WHAT YOU NEED TO DO
Give back every line of the data exactly. Pictures are not part of the copy.

RECORDED INFORMATION
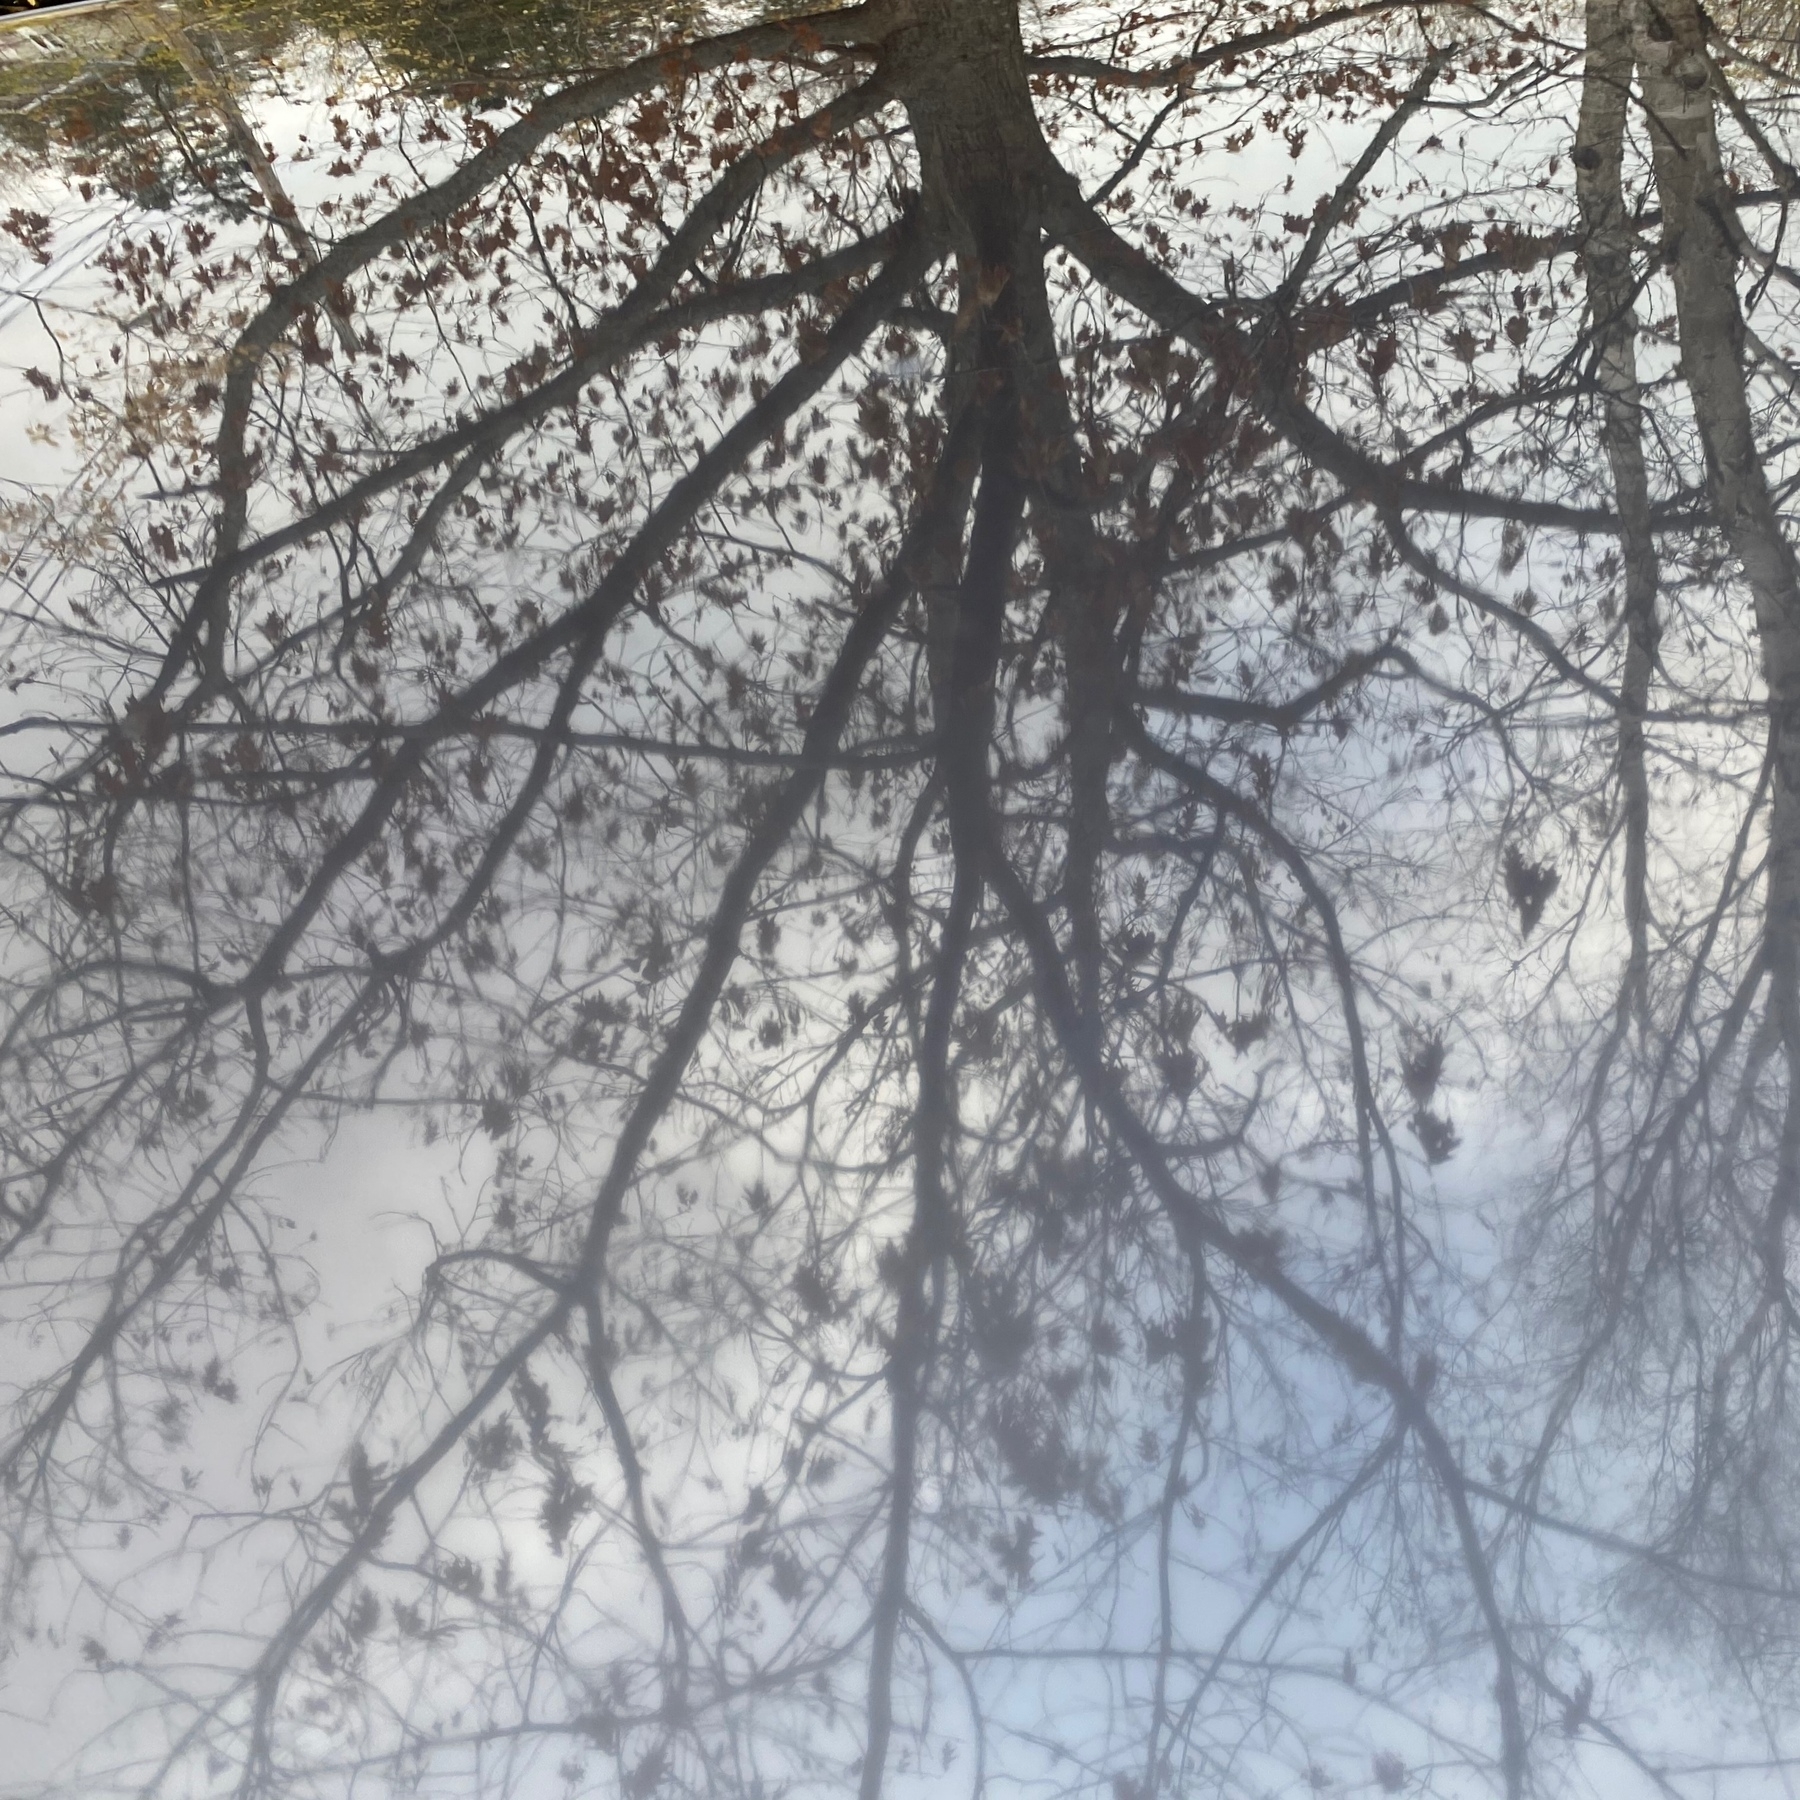 Trees reflected in roof of car.
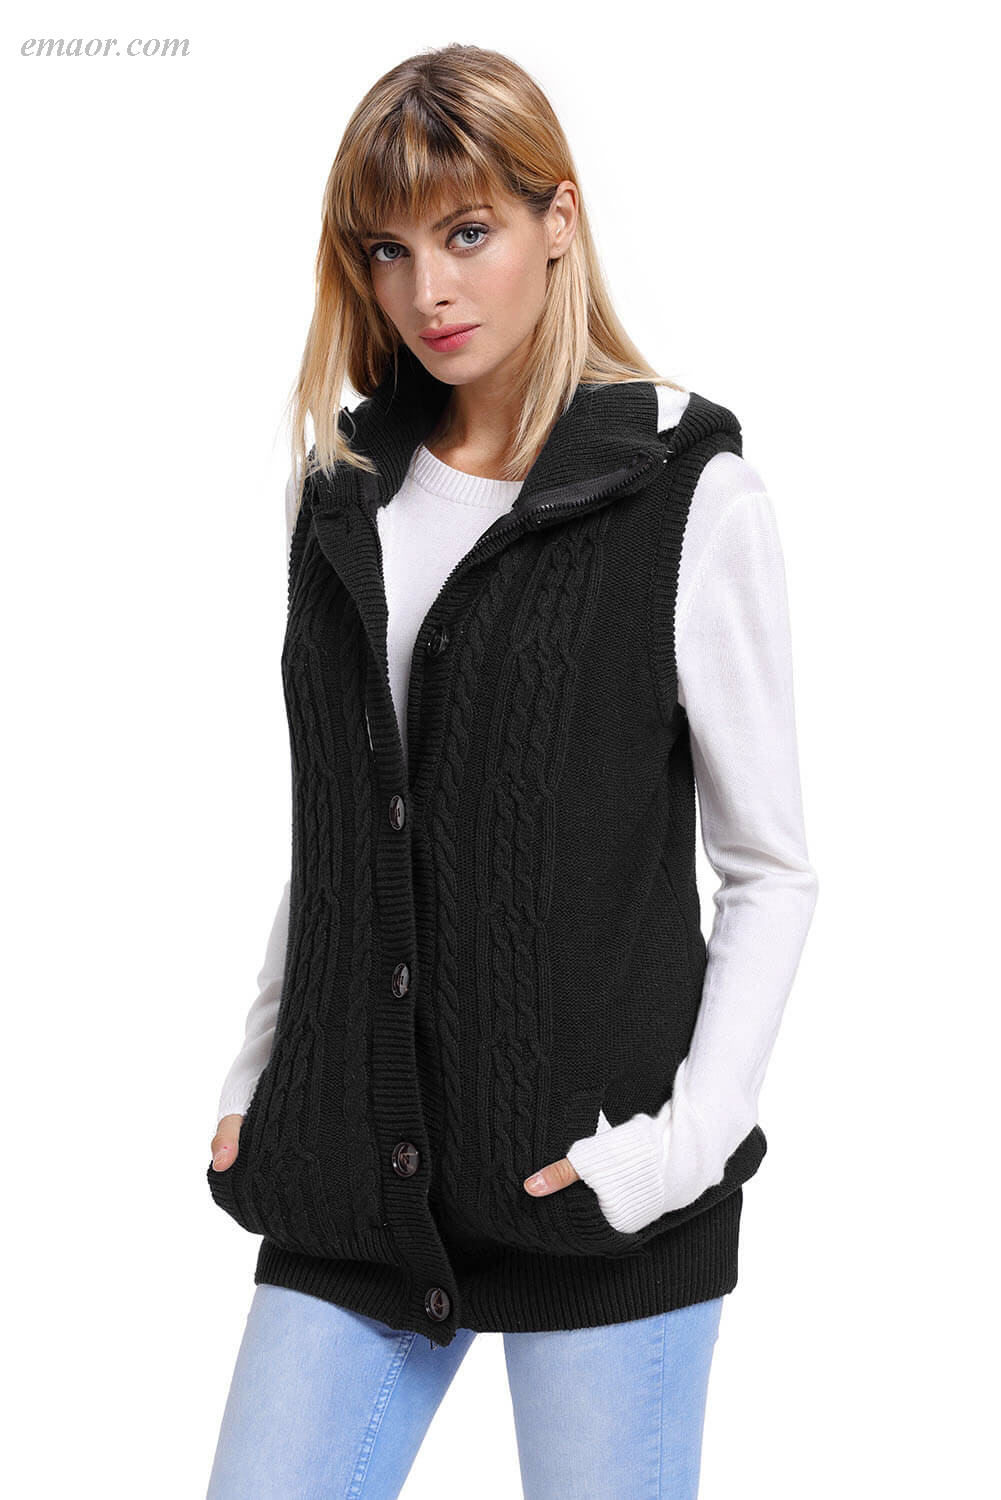 Women's Heated Types of Outerwear Heather Grey Cable Knit Hooded Sweater Vest
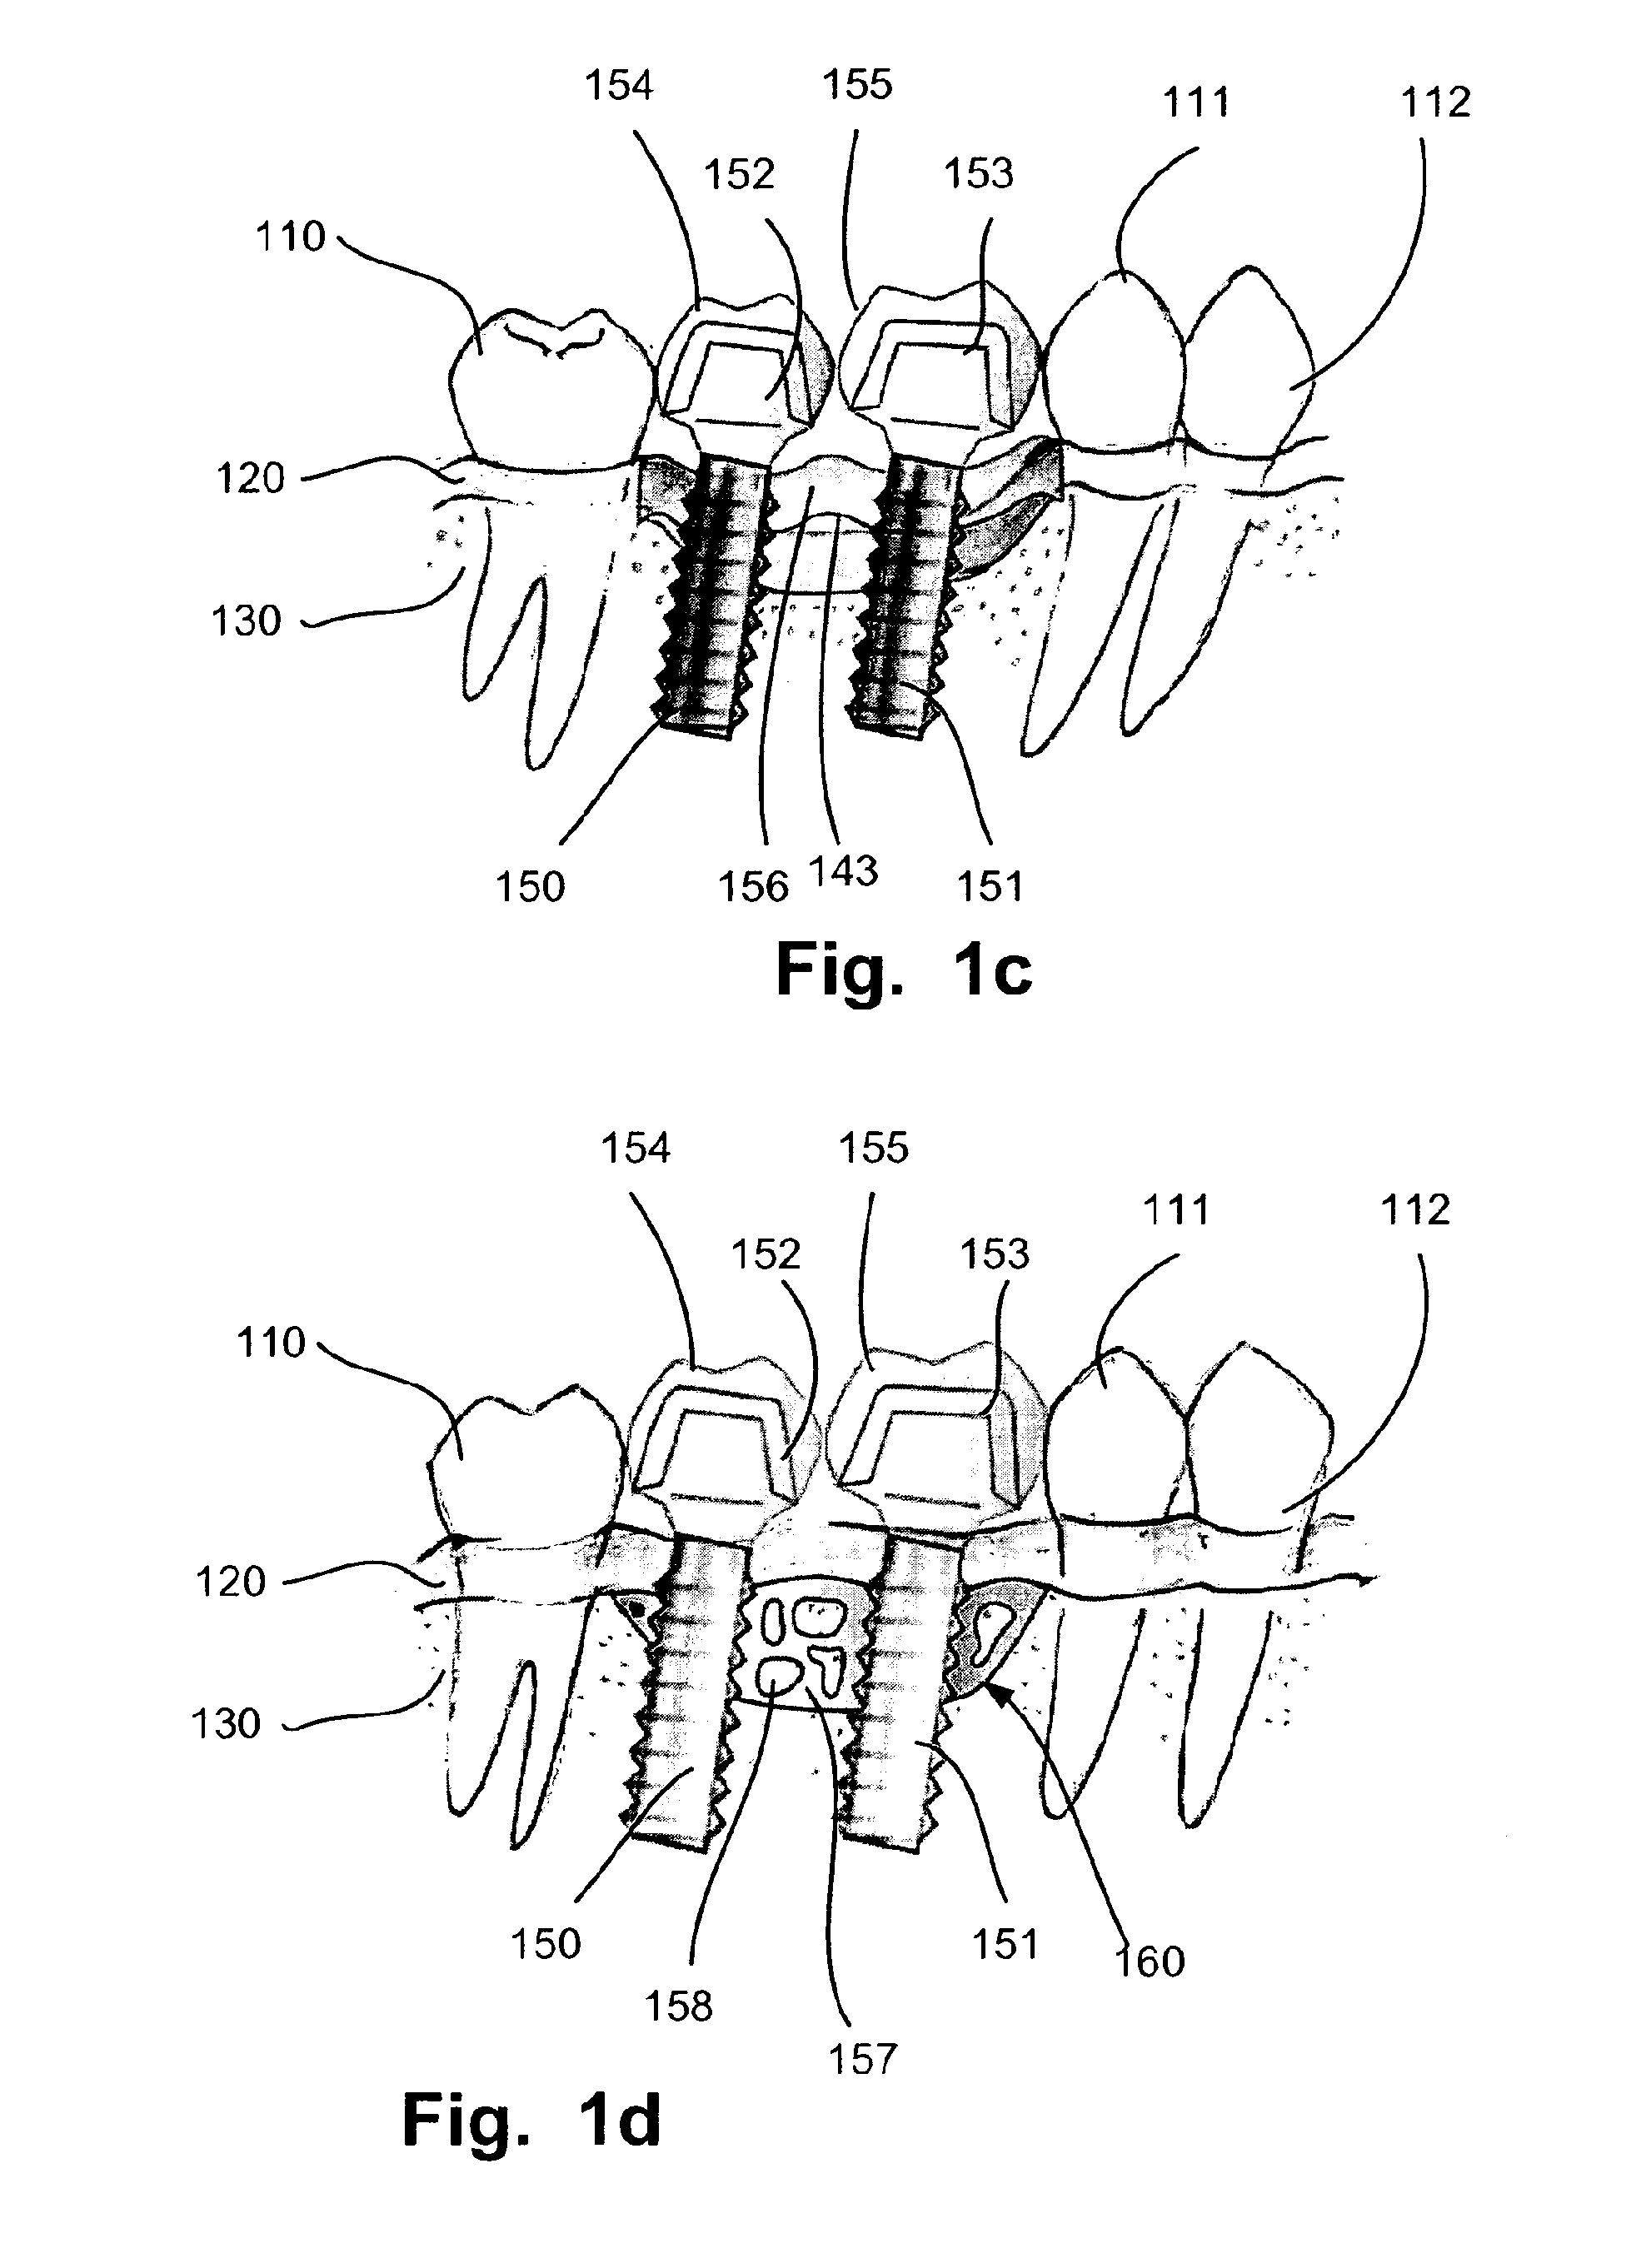 Computer implemented planning and providing of mass customized bone structure

RESPONSE BOX
 Trees reflected in roof of car.
 Women's Heated Types of Outerwear Heather Grey Cable Knit Hooded Sweater Vest
 Computer implemented planning and providing of mass customized bone structure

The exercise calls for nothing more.